Exercise aim ▸ With the pictures removed, please write out every line below exactly as given.

Data below ▸

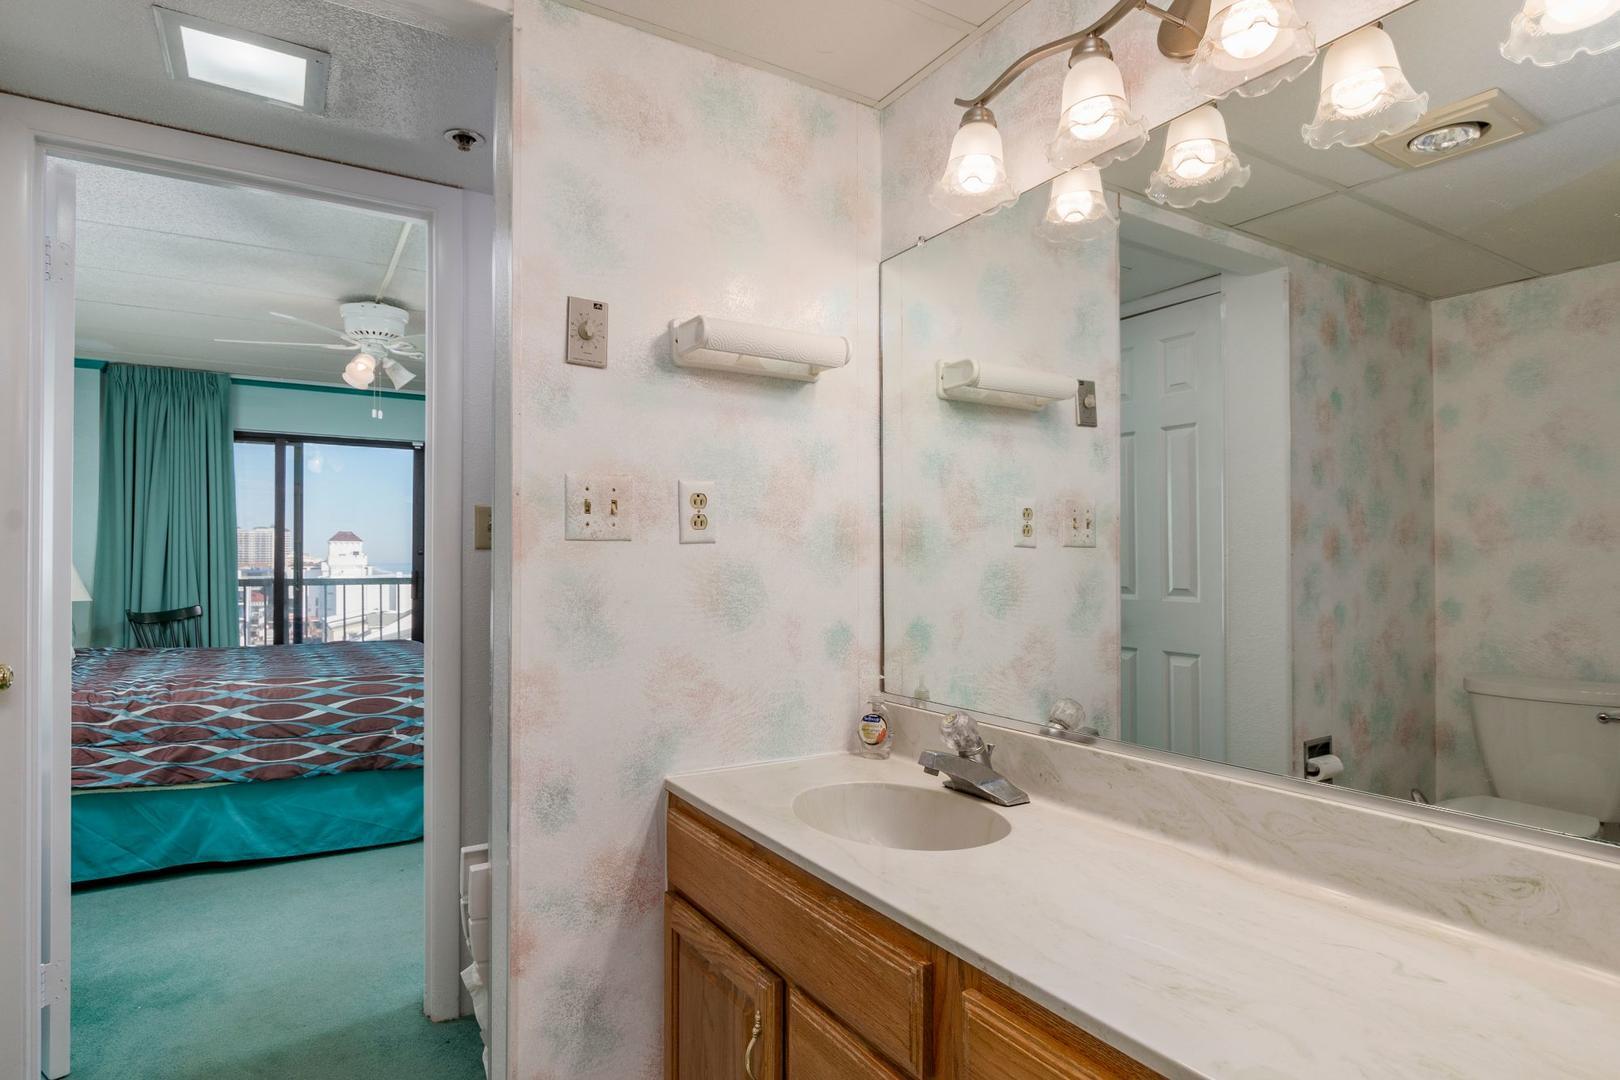 Summer Beach 605 - Bathroom 1
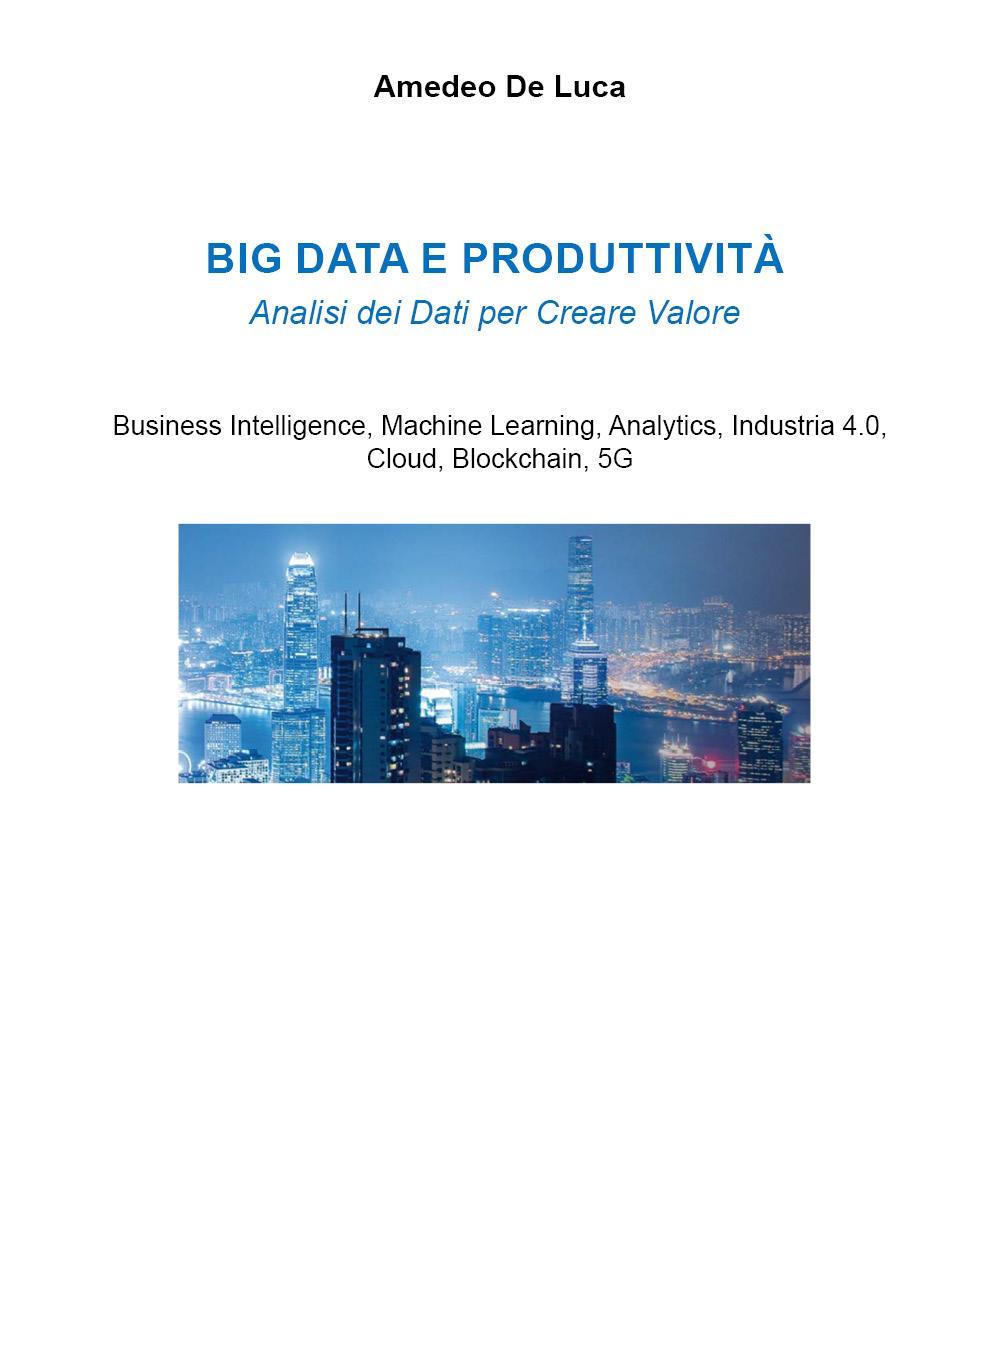 Big Data e Produttività
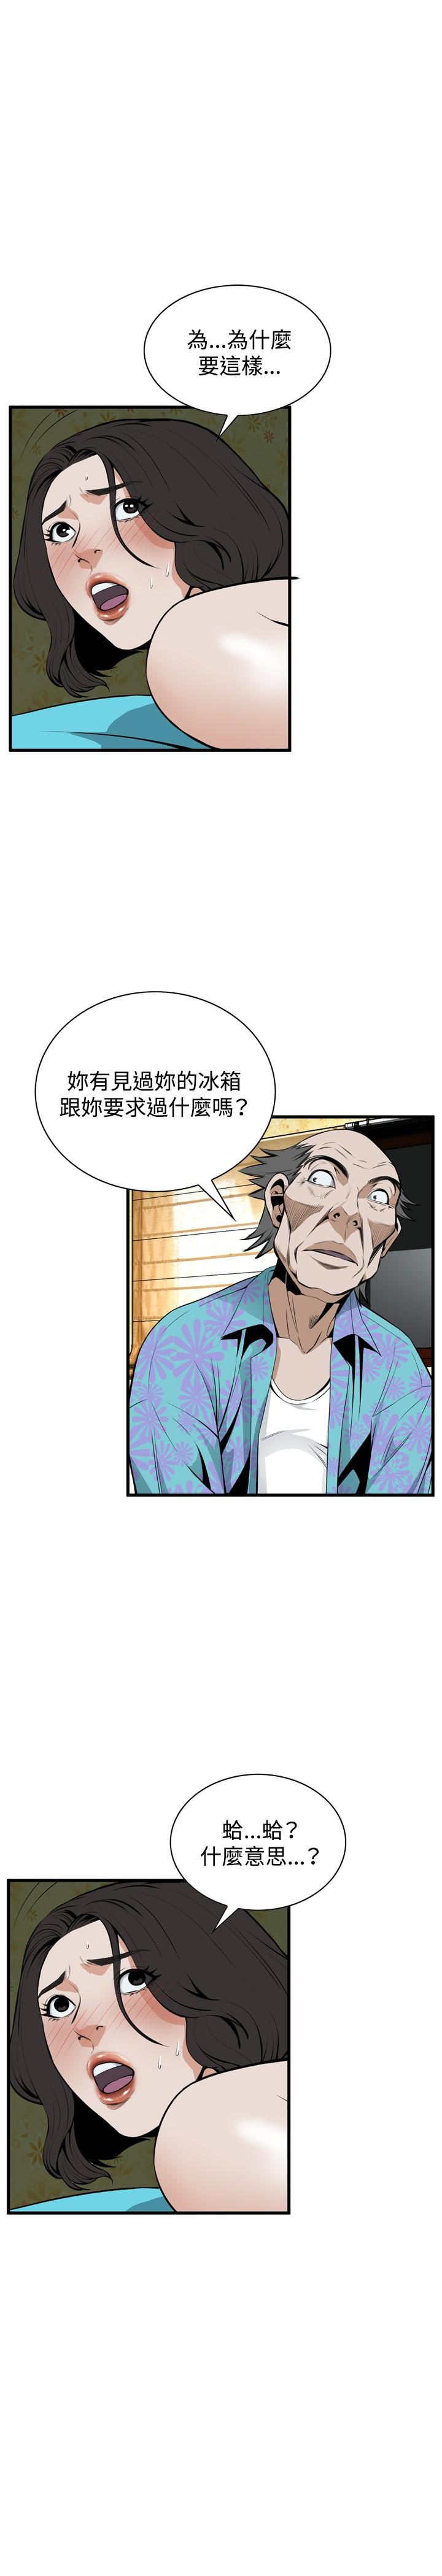 Take a Peek 偷窥 Ch.39~60 [Chinese]中文 131

Your response ▸
 Summer Beach 605 - Bathroom 1
 Big Data e Produttività
 Take a Peek 偷窥 Ch.39~60 [Chinese]中文 131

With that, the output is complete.